Proportional voting in Germany (no ‘first past the post’) pretty much guarantees that all German governments are based on coalitions. The need to compromise prevents radical outcomes. It leads to policies of muddling through issues rather than resolving them.
That’s not a good outlook for Germany but we will have to, again, live with it.
On a positive note: 100% of the 50 million votes, all on paper ballots, were counted within 8 hours. There was no strife.
In fact, the pro-Soviet Ukrainians who nonored Lenin voted for the preservation of the USSR in 1990. And during the Anti-Maidan, the pro-Russian crowds gathered in Leinin squares unde Lenin statues. Which is exactly what the Ukro-Nazis sought to eradicate, a symbol of Russo-Ukrainian unity.
In the end, after reading Ho Chi Minh’s description of how he joined the movement, I’d rather trust the great Vietnamese patriot and revolutionary than a raving ignoramus in the internet.

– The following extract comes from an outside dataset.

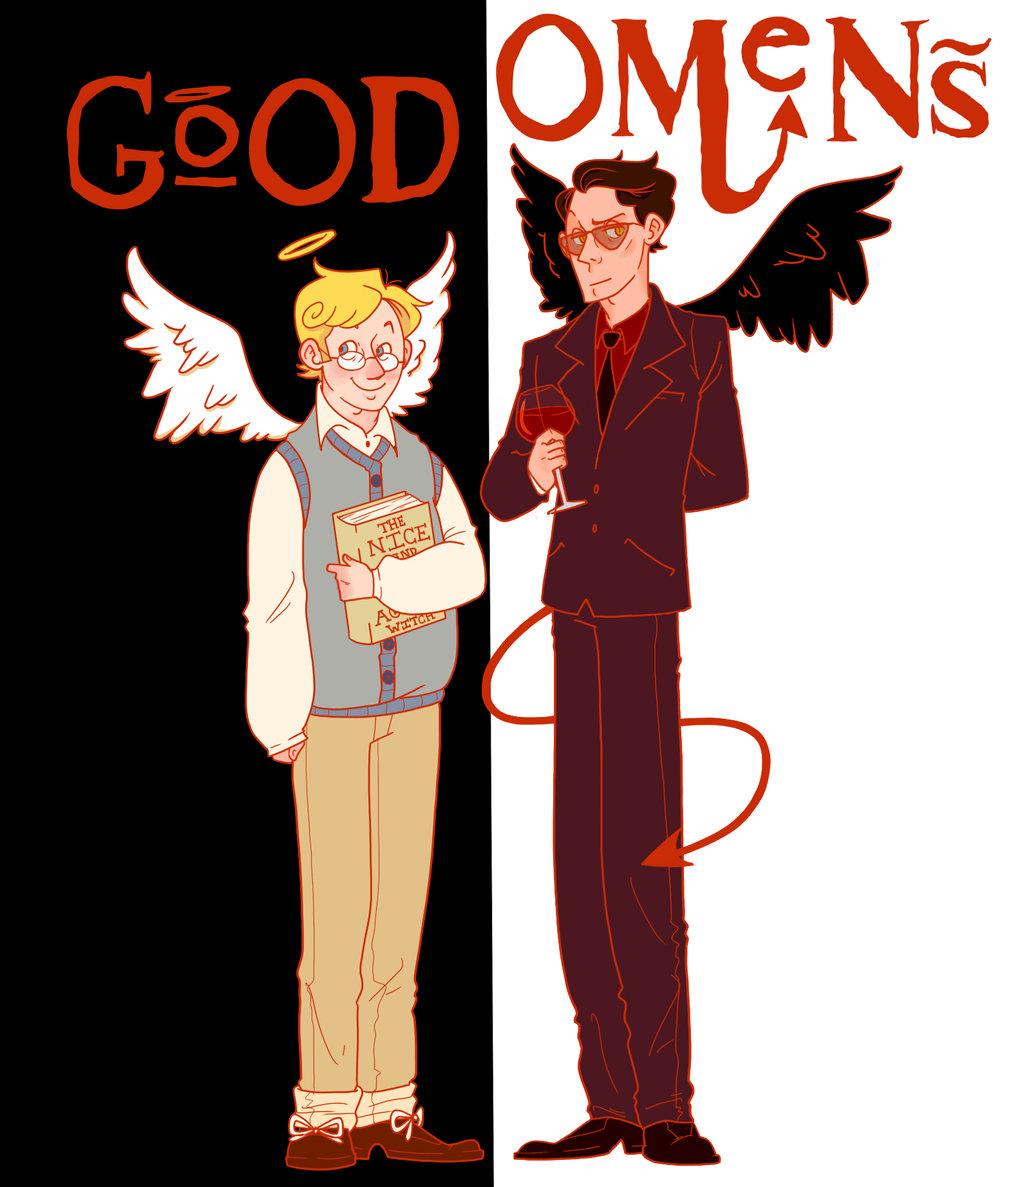 Quotes about Good Omens (37 quotes)

Posted by: Constantine | Feb 23 2025 14:55 utc | 396
Hi there Constantine, fellow raving ignoramus on the internet. Wait, you thought you weren’t one of us? Anyway, I knew you’re anti-DEI with your rant about Hitler wearing a pride flag armband, but I wasn’t certain what your position on migration was until I saw your latest post, which was enough for me to conclude that you’re a garden variety right-winger using socialist language to deceive others.

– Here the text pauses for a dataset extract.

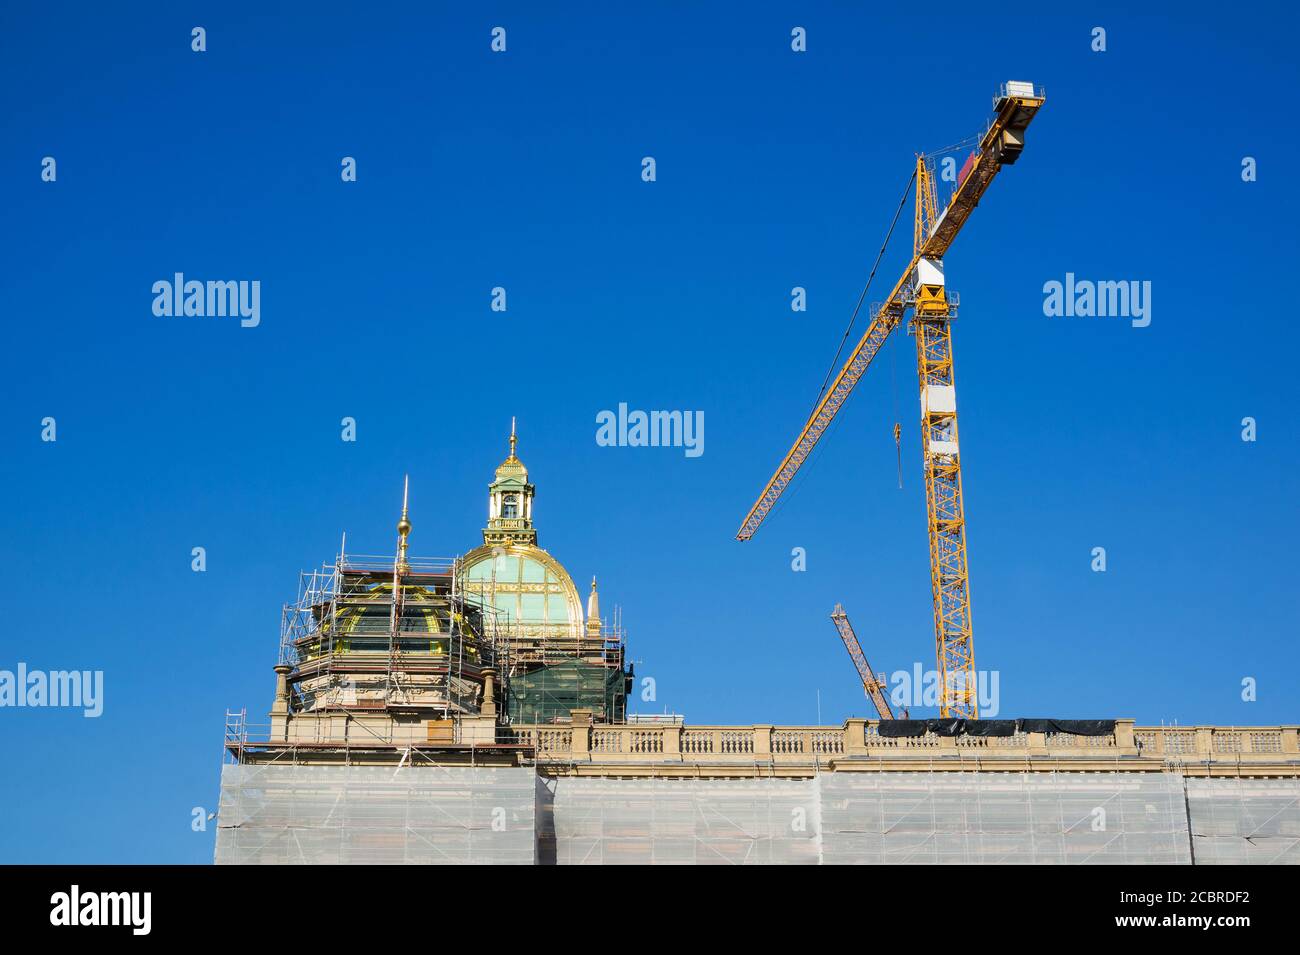 Old historic building with shiny cupola and dome is reconstructed, restored, and renovated. Scaffold and crane is used for reconstruction, renovation Stock Photo

As for your temerity to suggest that opposition to the neoliberal immigration policies is somehow “right-wing”, well, this is one more validation why all you people are neoliberal right-wingers with socialist pretensions, hiding your reactionary views behind a fraudulent pseudo-progressive veneer, no different than the rest of the establishment swine.
Truly, the neoliberal progs are the worst vermin of the political spectrum. Fascists with American characteristics.
Posted by: Constantine | Feb 24 2025 23:54 utc | 120
Let’s hear what Lenin has to say on the subject of migration.
V. I. Lenin – Capitalism and Workers’ Immigration
https://www.marxists.org/archive/lenin/works/1913/oct/29.htm
Capitalism has given rise to a special form of migration of nations. The rapidly developing industrial countries, introducing machinery on a large scale and ousting the backward countries from the world market, raise wages at home above the average rate and thus attract workers from the backward countries.
America heads the list of countries which import workers.
The growth of immigration is enormous and continues to increase. During the five years 1905–09 the average number of immigrants entering America (the United States alone is referred to) was over a million a year. (AUH note: for context, US population grew from 76 million to 1900 to 92 million in 1910, as per Wikipedia)
It is interesting to note the change in the place of origin of those emigrating to America, Up to 1880 the so-called old immigration prevailed, that is, immigration from the old civilised countries, such as Great Britain, Germany and partly from Sweden. Even up to 1890, Great Britain and Germany provided more than half the total immigrants.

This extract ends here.